(Data to process):
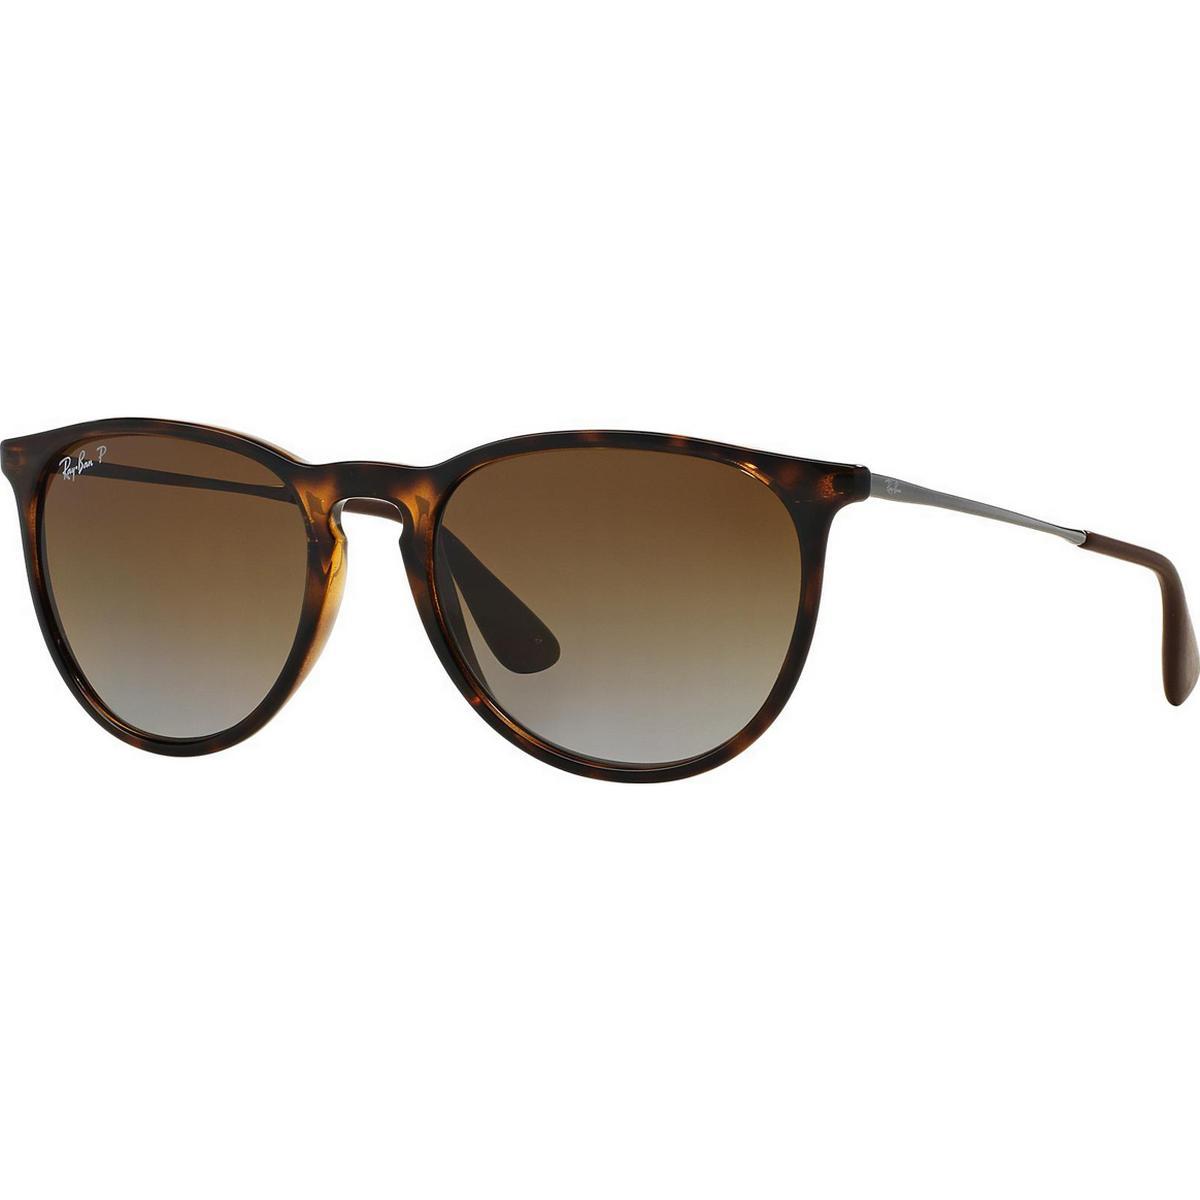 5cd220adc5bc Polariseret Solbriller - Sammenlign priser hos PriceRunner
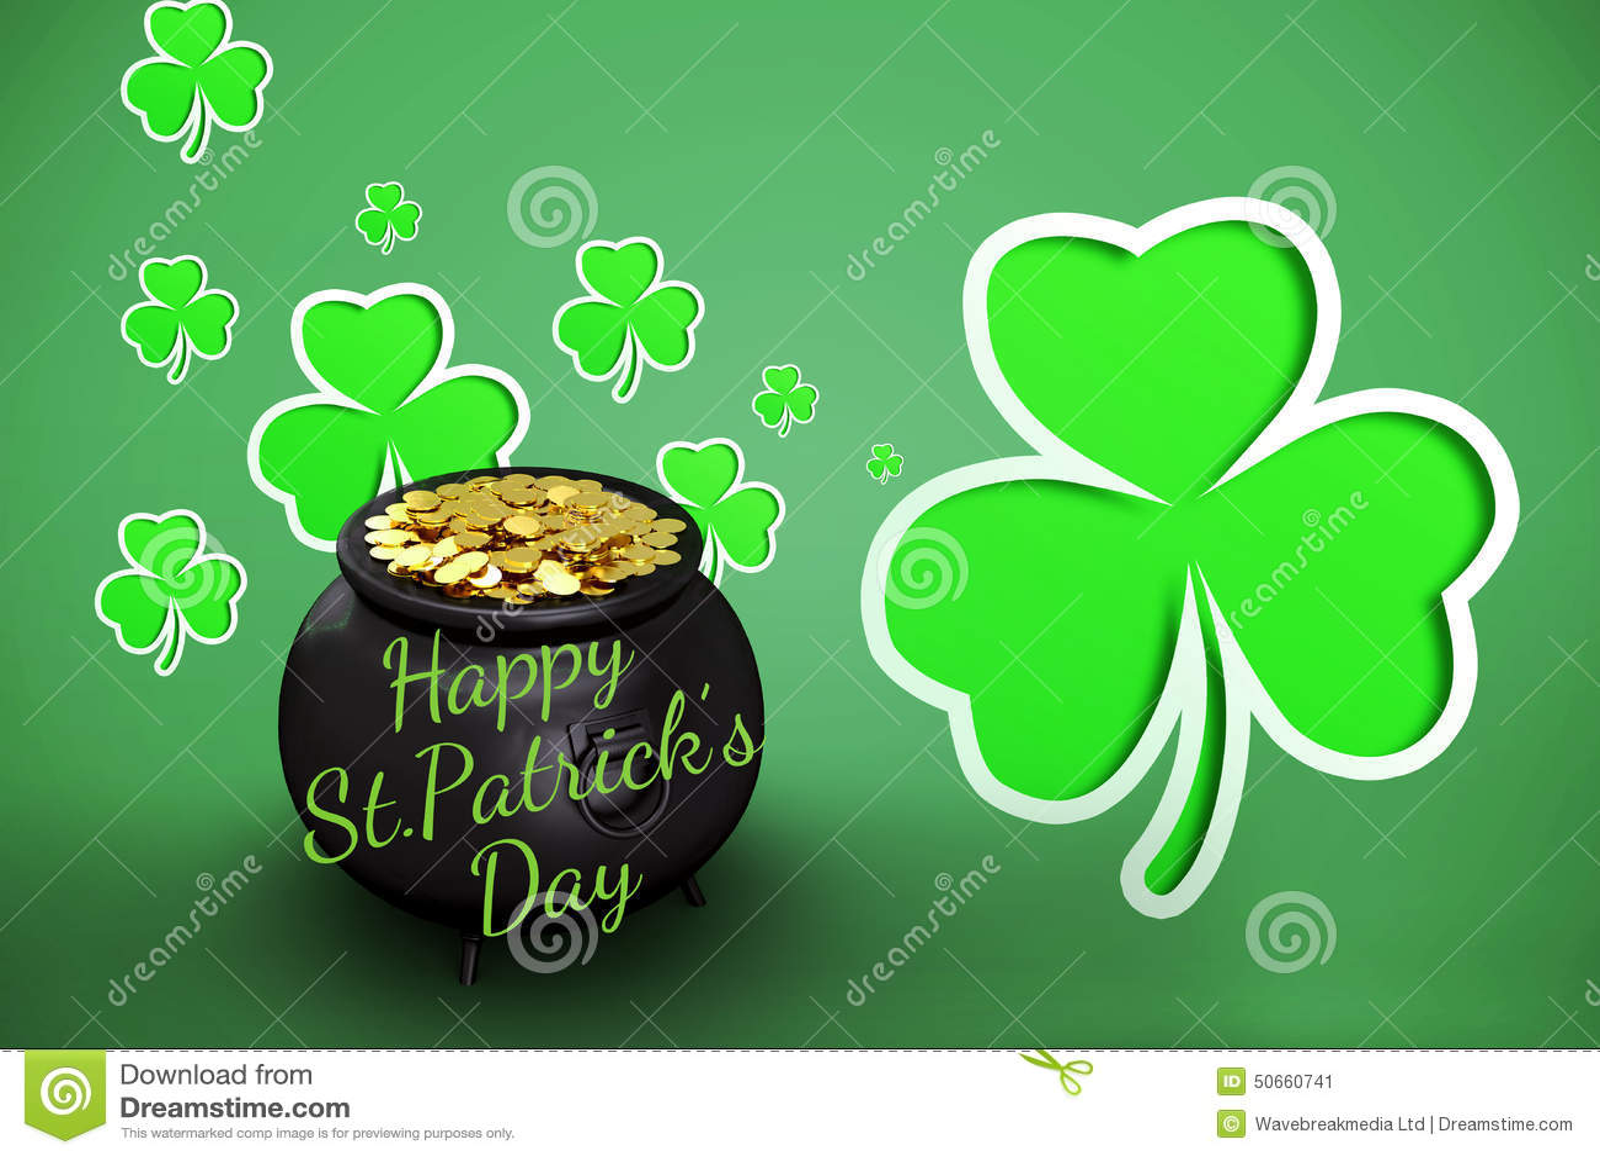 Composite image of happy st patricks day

* * *

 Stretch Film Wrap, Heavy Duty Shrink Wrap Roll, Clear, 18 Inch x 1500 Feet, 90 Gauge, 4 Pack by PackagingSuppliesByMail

...

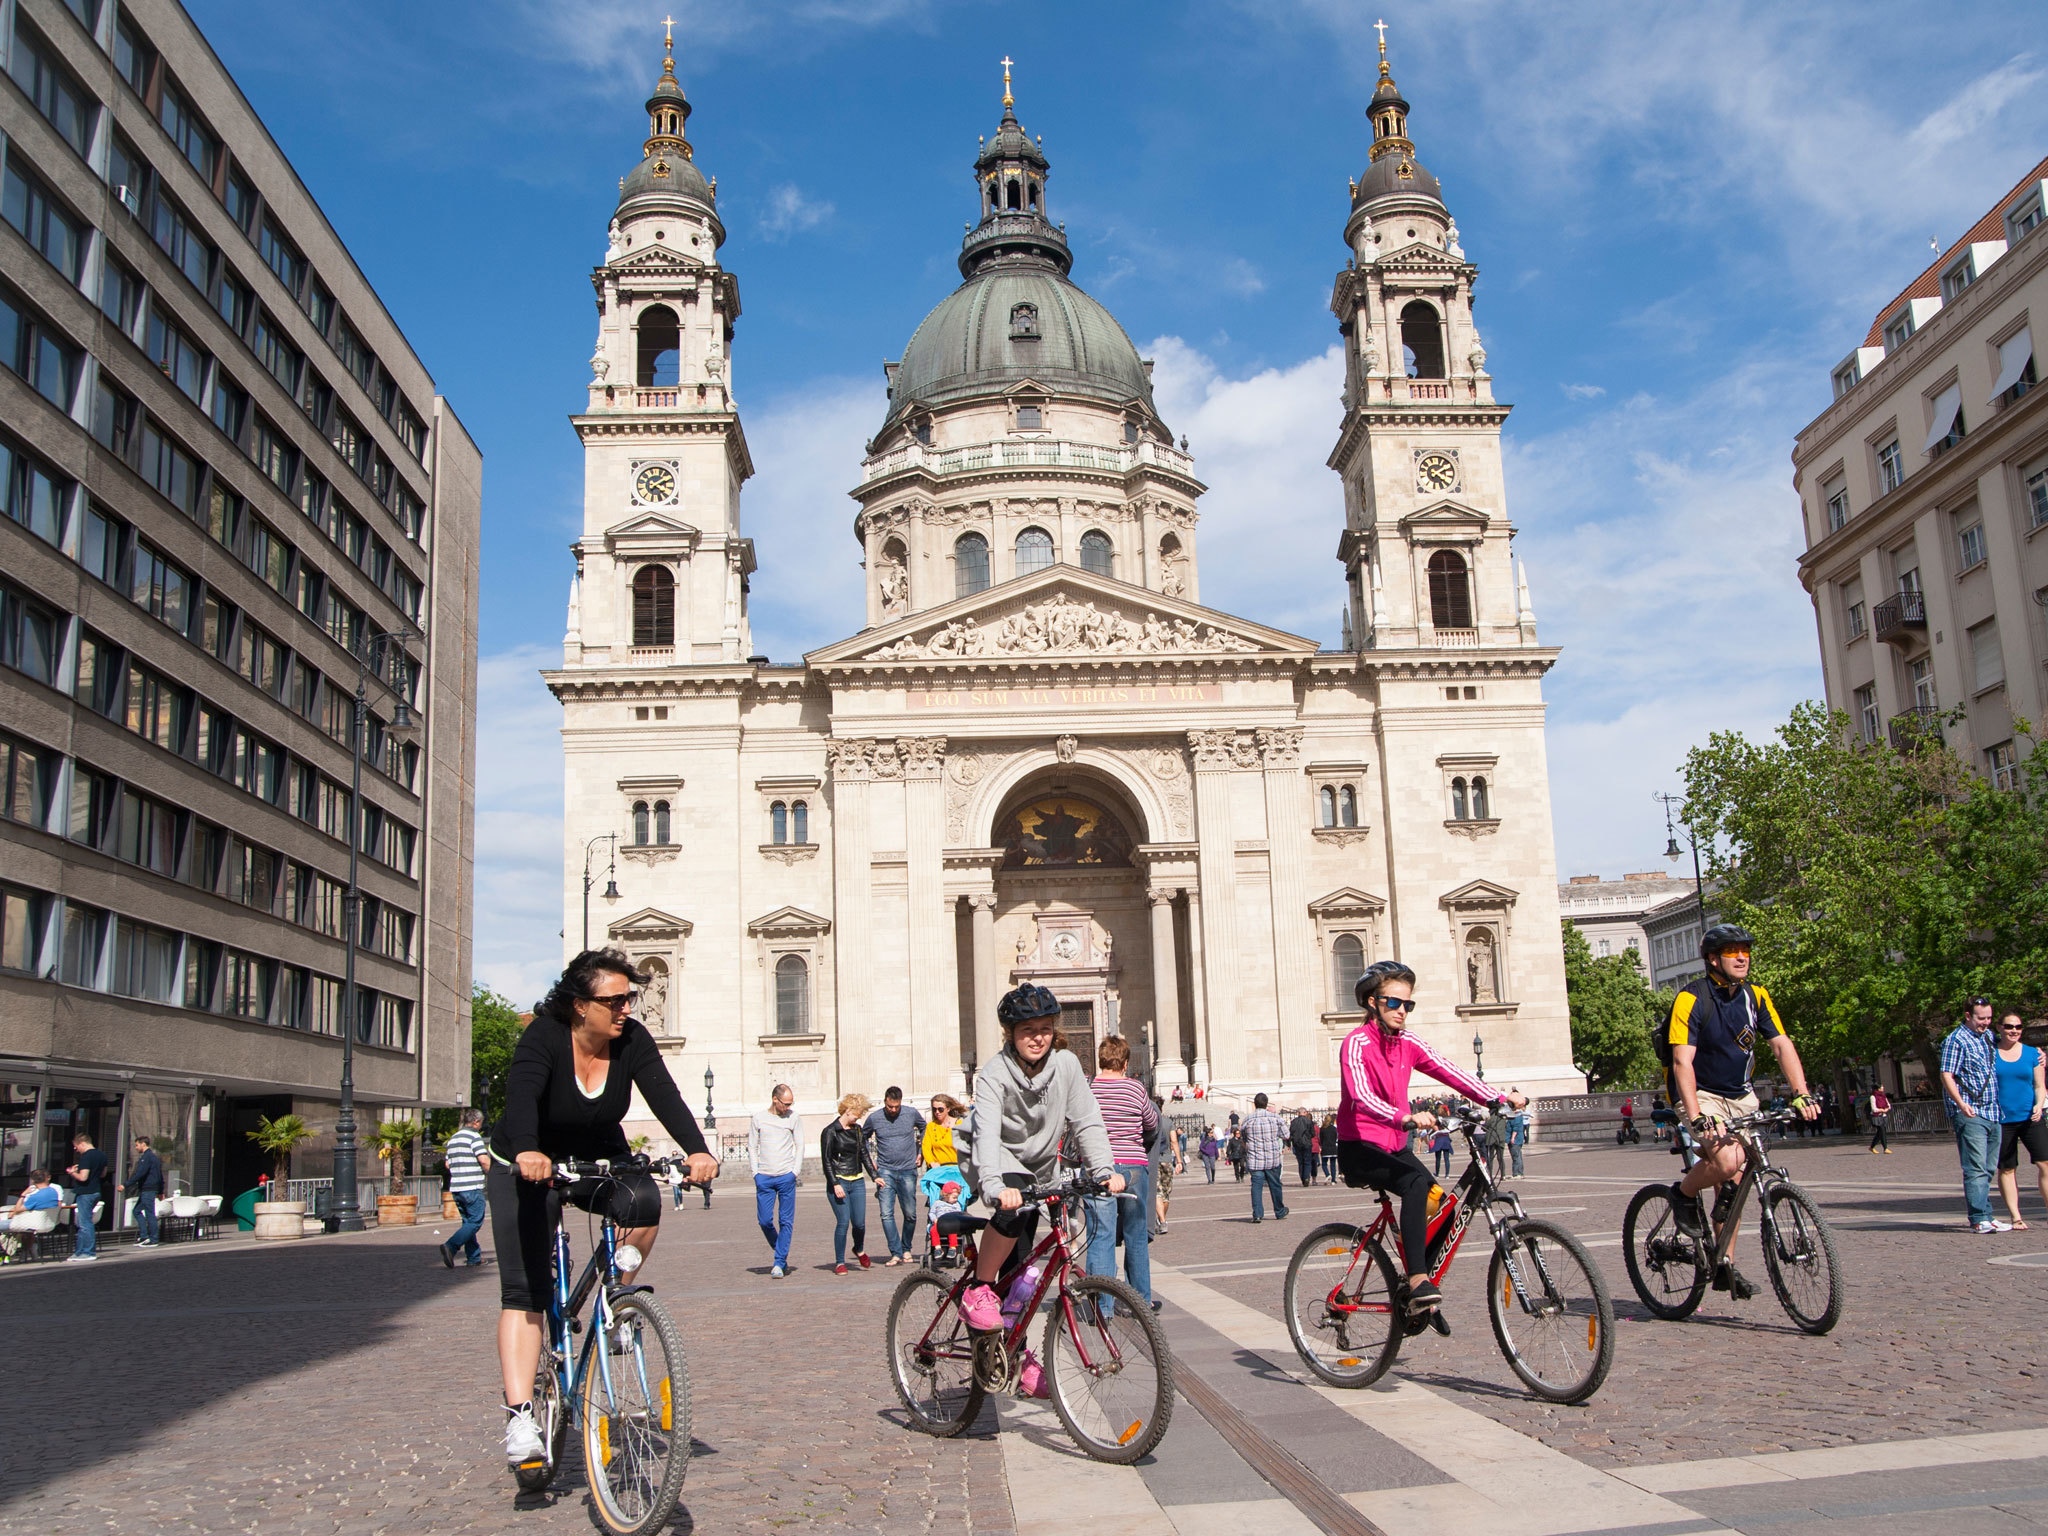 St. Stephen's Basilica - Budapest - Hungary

(What to do): Reproduce the listing above exactly from the line containing "5cd220adc5bc Polariseret Solbriller" up to and including the line containing "Composite image of happy st patricks day", omitting any images and everything outside those lines.

(Result for this exercise):
 5cd220adc5bc Polariseret Solbriller - Sammenlign priser hos PriceRunner
 Composite image of happy st patricks day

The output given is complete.